Over the last five years, NC Ports has invested more than $356 million in infrastructure improvements aiding in its efficiency. 

It’s planning to improve vehicular congestion and transportation efficiency with a new intermodal facility to divert nearly 250,000 container boxes from trucks to rail over the next decade. Construction is anticipated to begin in January 2024 and finish by early 2025.

“As we look ahead, we believe Wilmington is poised to become a magnet for investment, a hub of opportunity, and a model of economic resilience,” English stated.

While Milken Institute generally noted positive improvements in Wilmington, it also reported a high demand for housing with increasingly limited supply. More affordable housing options are needed, the report shows, a priority for both Wilmington City Council and New Hanover County Commissioners.

The Port City ranks 130th in Milken’s affordable housing metric over the last five years; among other tier 1 large cities, only Austin and Dallas have less affordable housing than the Cape Fear region.

Large and small cities were each broken into five tiers based on their ranking performance. Wilmington, Raleigh and Burlington are all listed as tier 1 — the latter city being a “small” metro area.

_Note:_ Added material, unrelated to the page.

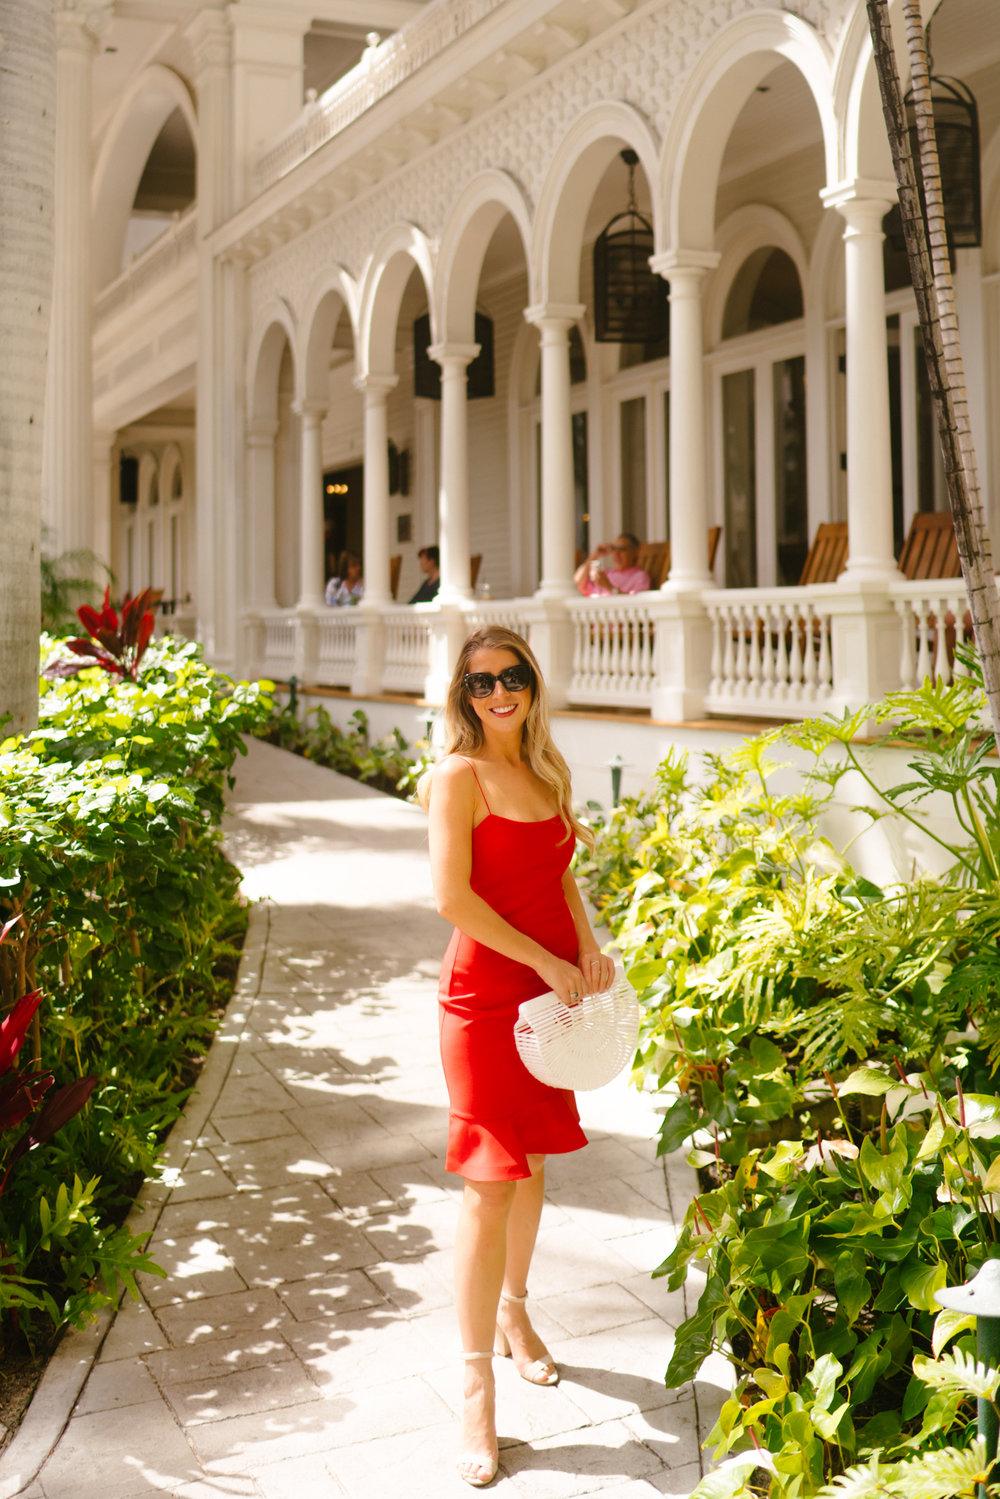 Best hotels in Oahu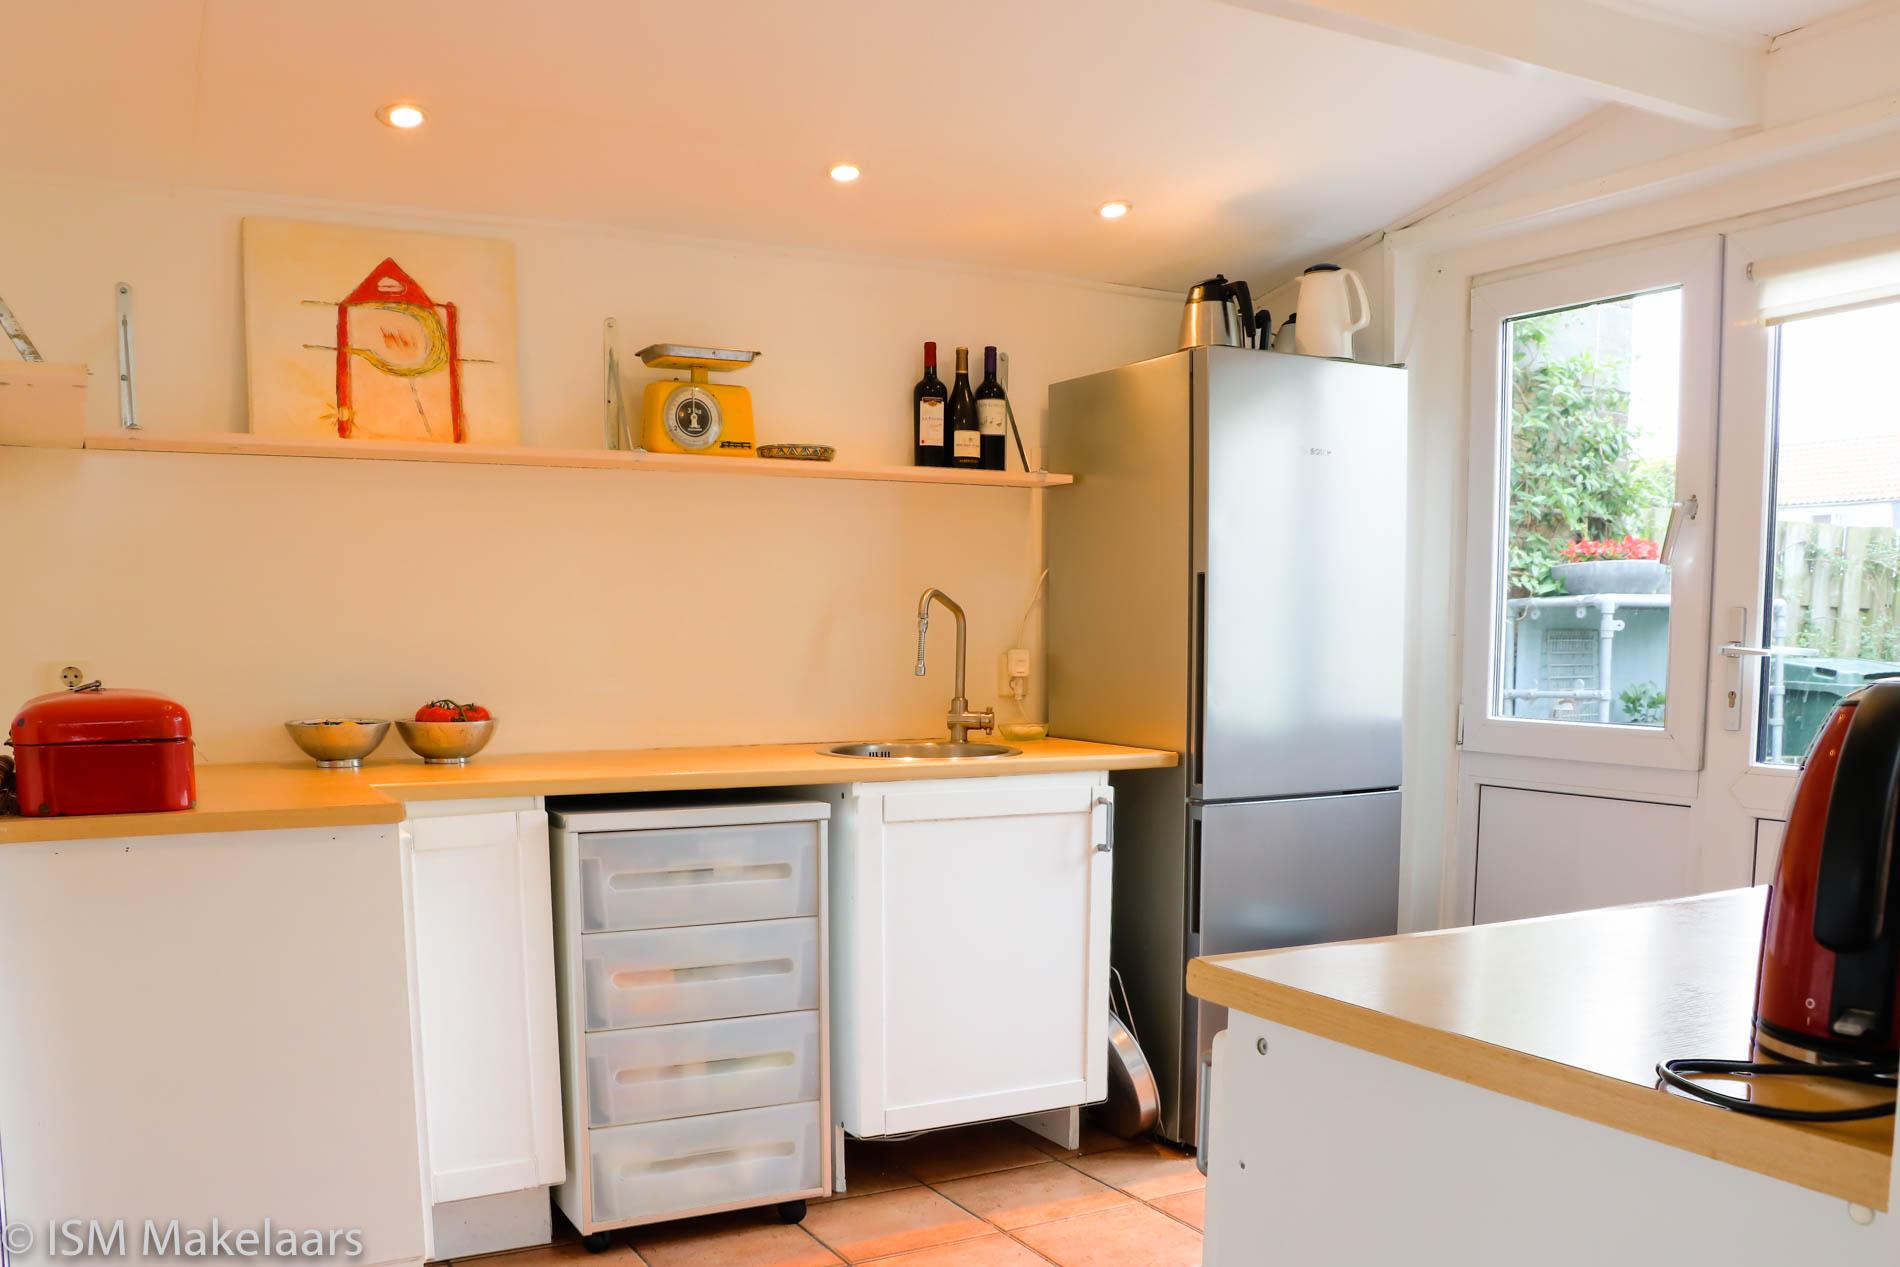 keuken beatrixstraat 45 colijnsplaat ism makelaars

In fiscal year 2023, the City of Wilmington began allocating 1-cent of its 39.5 cents per $100 valuation of property taxes to affordable housing initiatives.

According to the North Carolina Housing Coalition, 52% of New Hanover renters and 22% of homeowners find home affordability difficult. Fair market rent in Wilmington is currently $1,258 for a two-bedroom, meaning a household needs to take home $50,360 to afford to live there. The area’s median income is roughly $56,000; however, the average salary for a healthcare worker is $28,480, a construction employee earns about $36,360, and a local police officer makes roughly $47,310.

Fifteen North Carolina cities — large to small — landed on the report this year. Raleigh ranked number three, moving up 13 spots from 2022.

One North Carolina city saw the greatest gain from 2022 — Asheville was listed as number 165 last year, jumping 118 spots to 47 in 2023. According to Milken, it was driven largely by the recovery of the city’s leisure and hospitality sector — up 37.4% between 2020 and 2021.

Miliken ranked Provo, UT, in first place. 

Other cities in the top 10 list include Austin, Nashville, Boise and Dallas. Common themes in each city are a growing high-tech sector, a rebounding leisure hospitality sector and higher level of access to broadband internet.